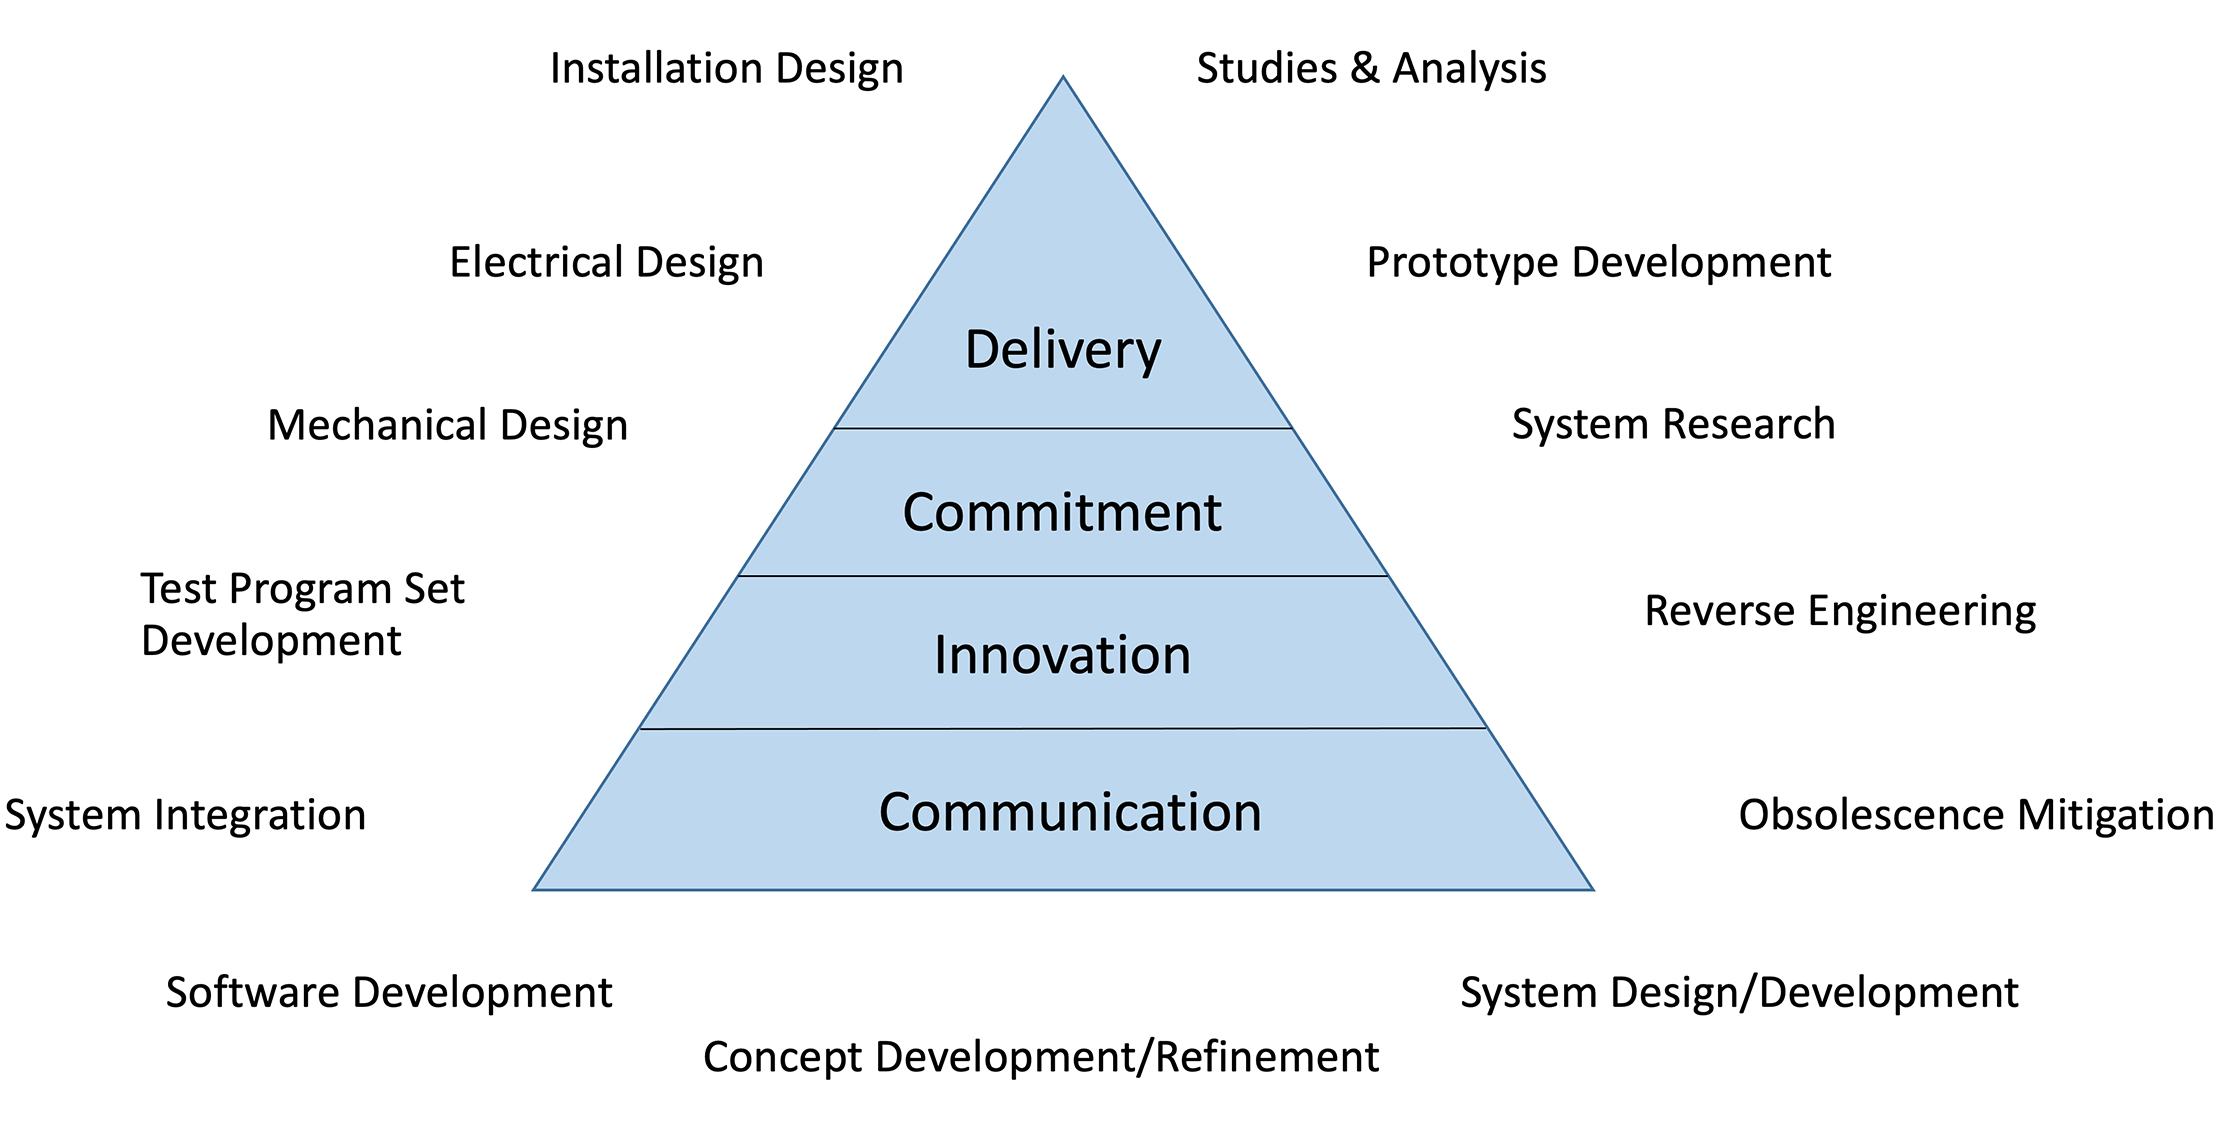 Pyramid graphic with four layers labeled "Communication", "Innovation", "Commitment", and "Delivery" from bottom to top
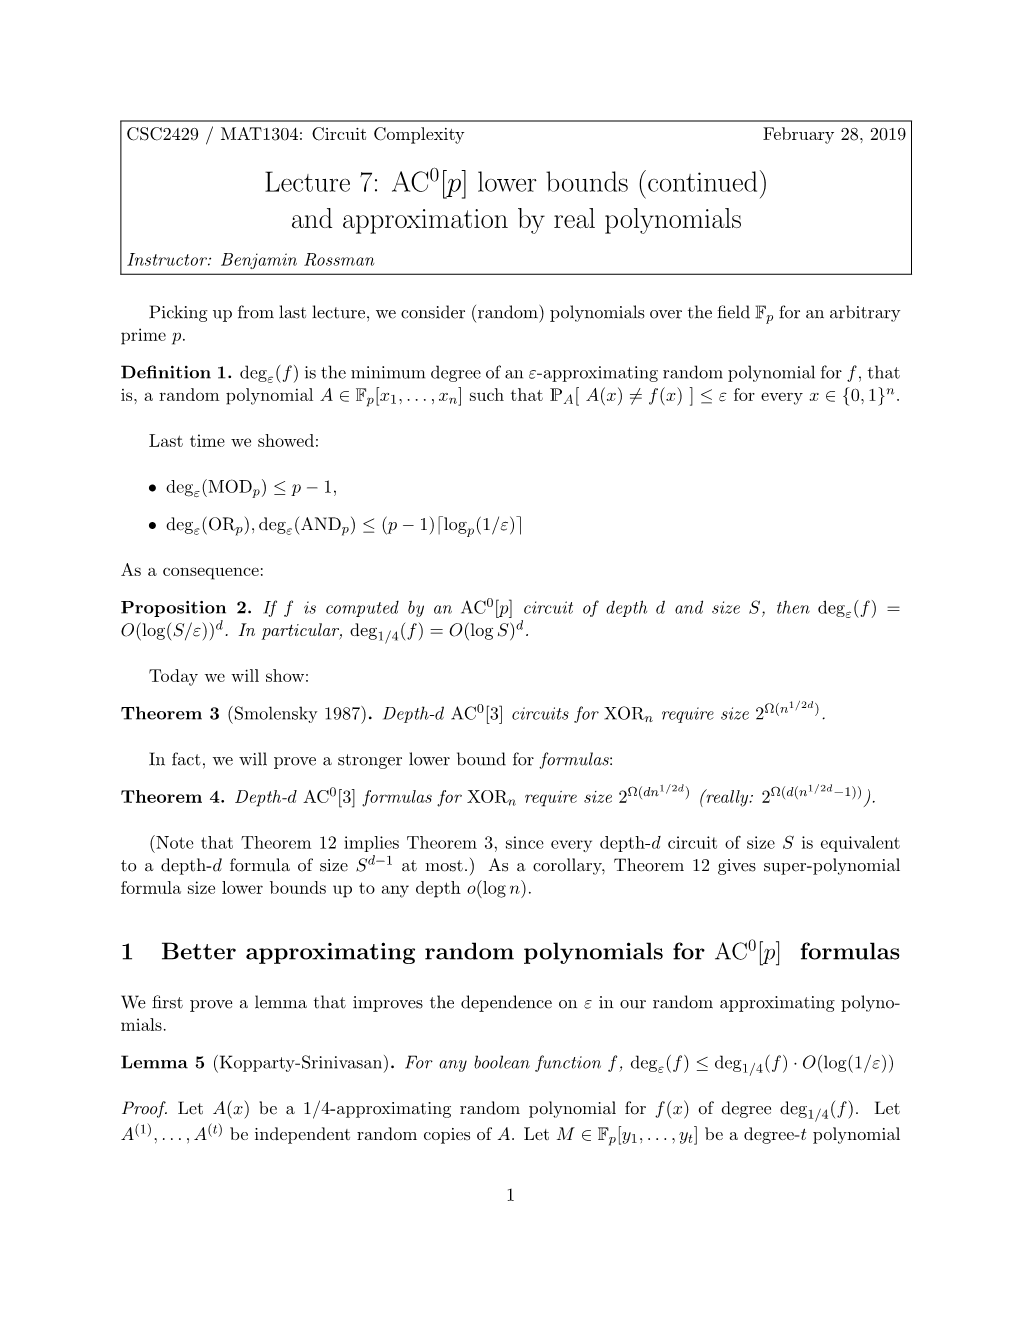 Lecture 7: AC0[P] Lower Bounds (Continued) and Approximation by Real Polynomials Instructor: Benjamin Rossman
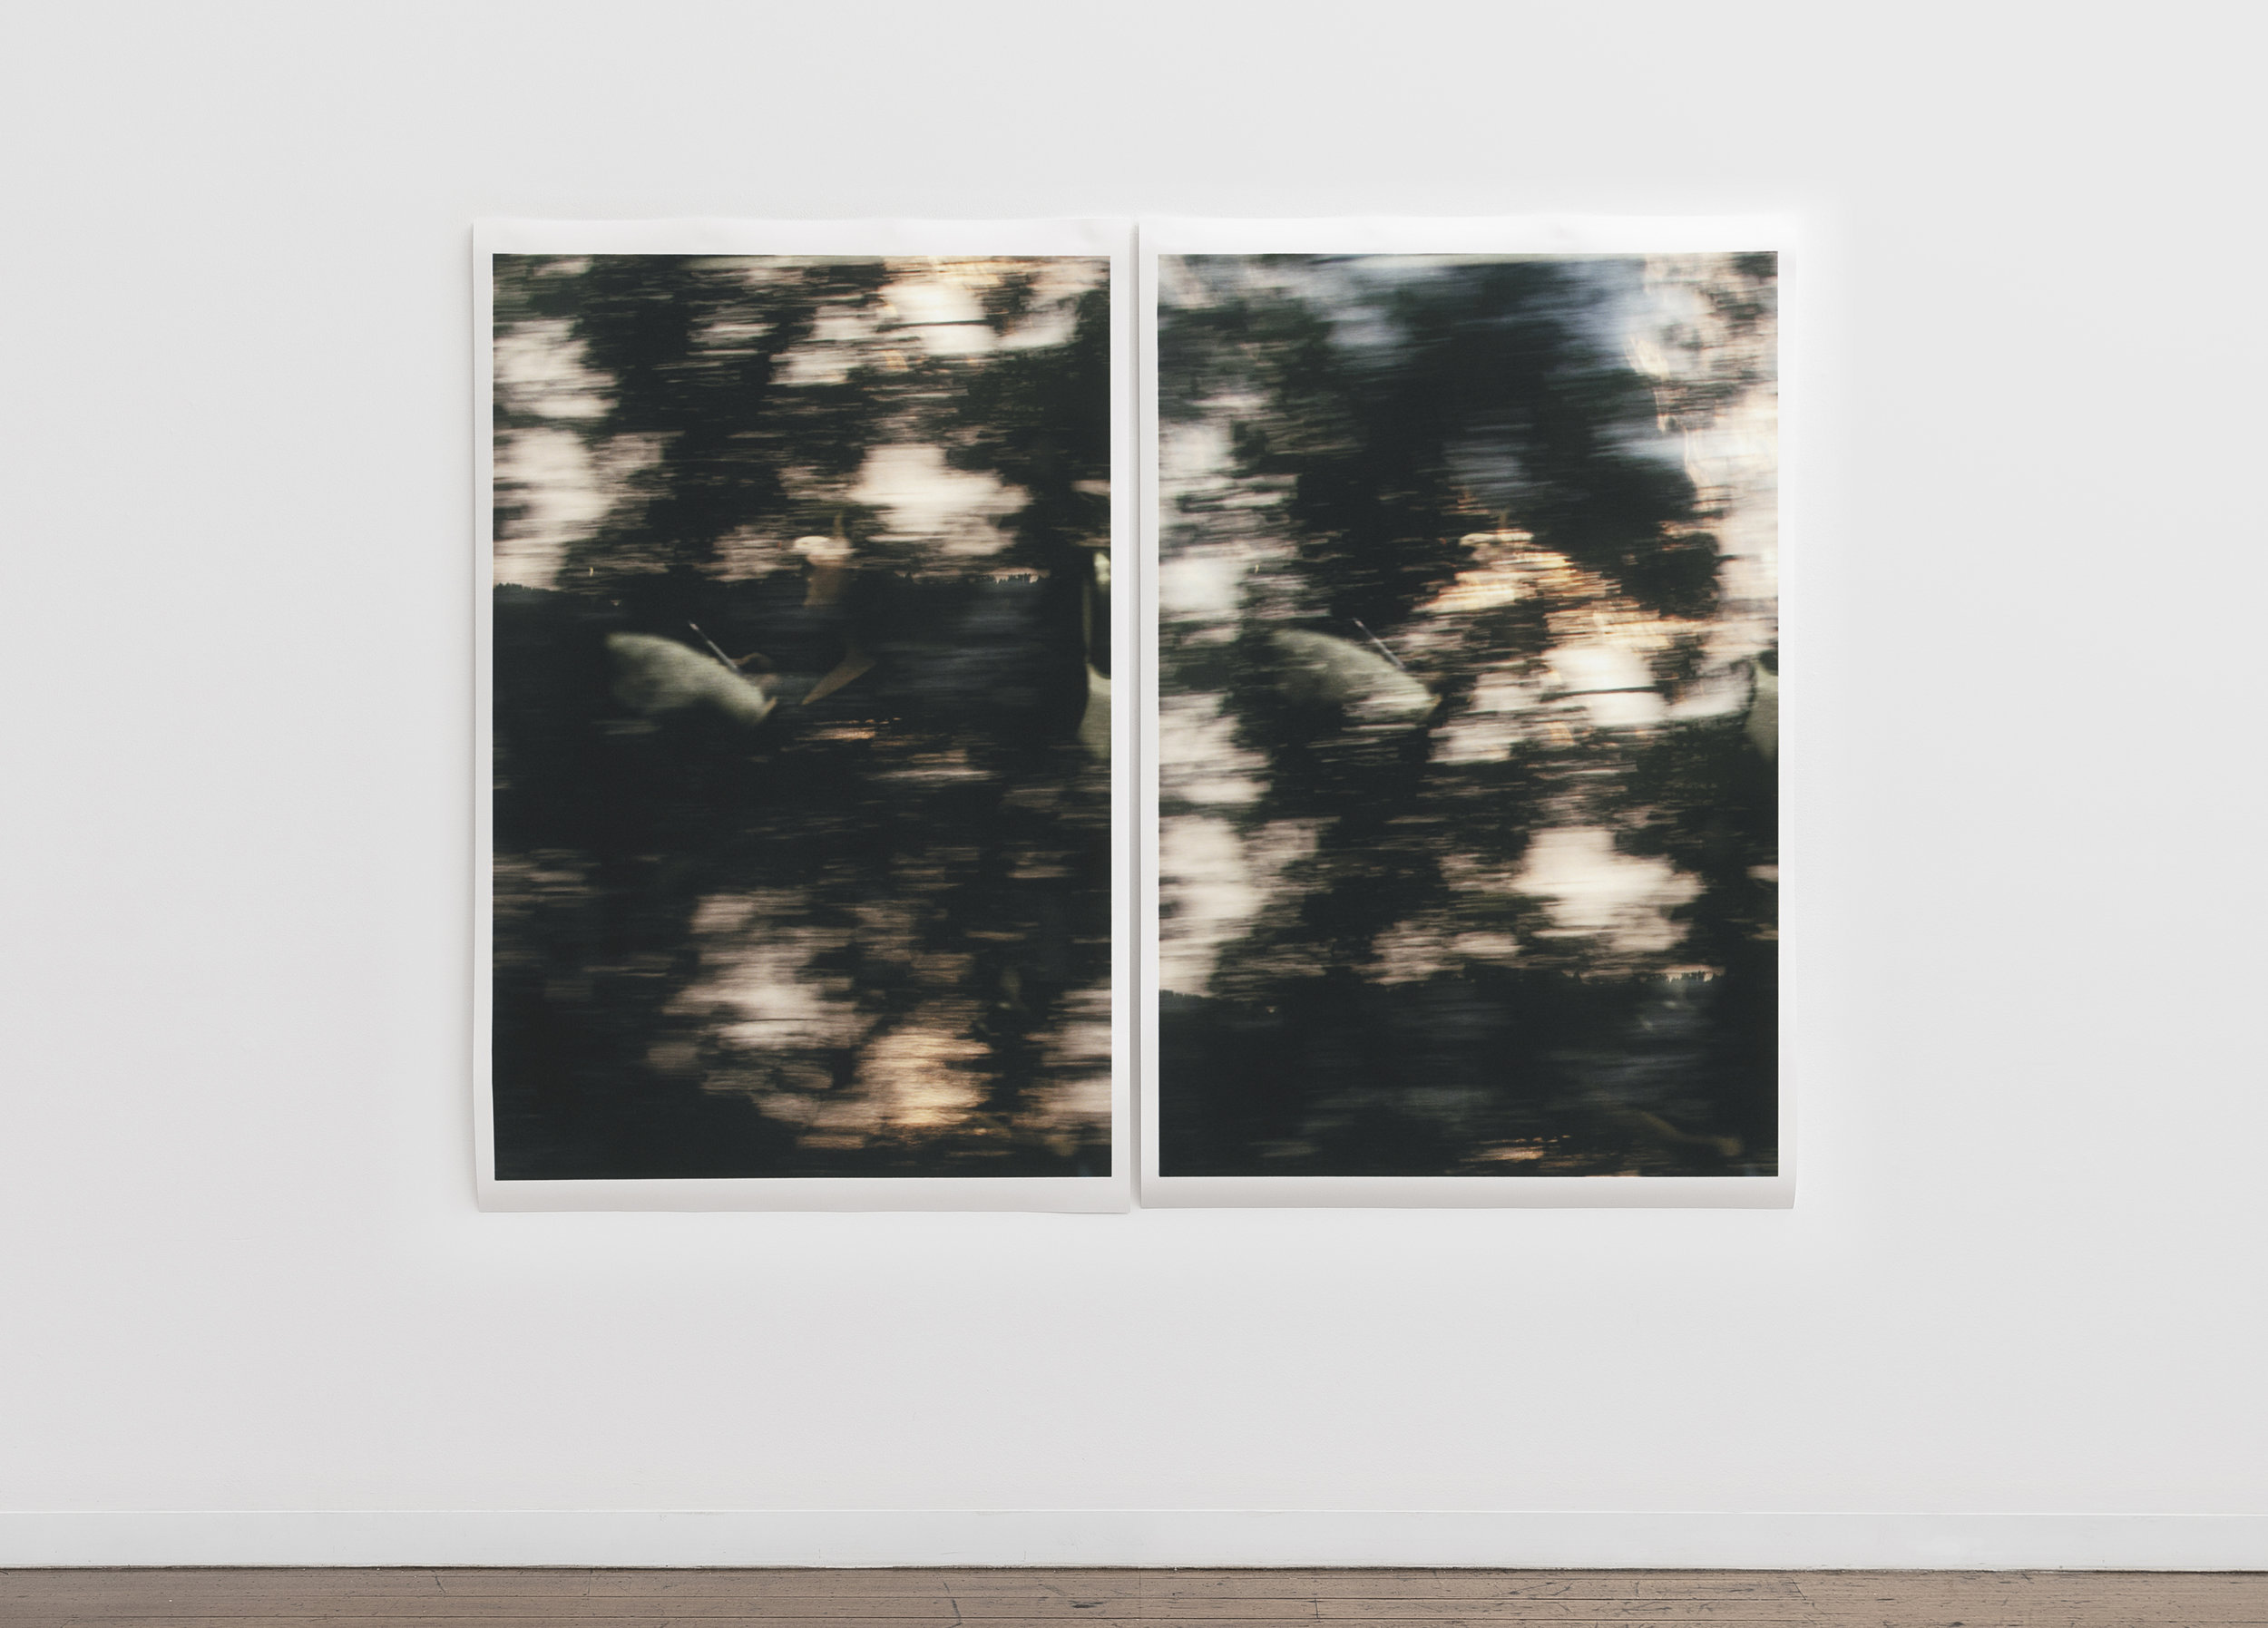   Untitled (figure, glass, landscape / consecutive) , pigment print on paper, diptych, sheet: 168 × 110 cm (66 1/8 × 43 1/4 in), each, framed: 178.9 × 120.2 cm (70 1/2 × 47 3/8 in), each, 178.9 × 240.4 cm (70 1/2 × 94 3/4 in), overall, 2019  Installa
____
> _Work instructions_
Your job is to reproduce the material exactly. Keep pictures out of it.

> _Response box_
 Pyramid graphic with four layers labeled "Communication", "Innovation", "Commitment", and "Delivery" from bottom to top
 Lecture 7: AC0[P] Lower Bounds (Continued) and Approximation by Real Polynomials Instructor: Benjamin Rossman
   Untitled (figure, glass, landscape / consecutive) , pigment print on paper, diptych, sheet: 168 × 110 cm (66 1/8 × 43 1/4 in), each, framed: 178.9 × 120.2 cm (70 1/2 × 47 3/8 in), each, 178.9 × 240.4 cm (70 1/2 × 94 3/4 in), overall, 2019  Installa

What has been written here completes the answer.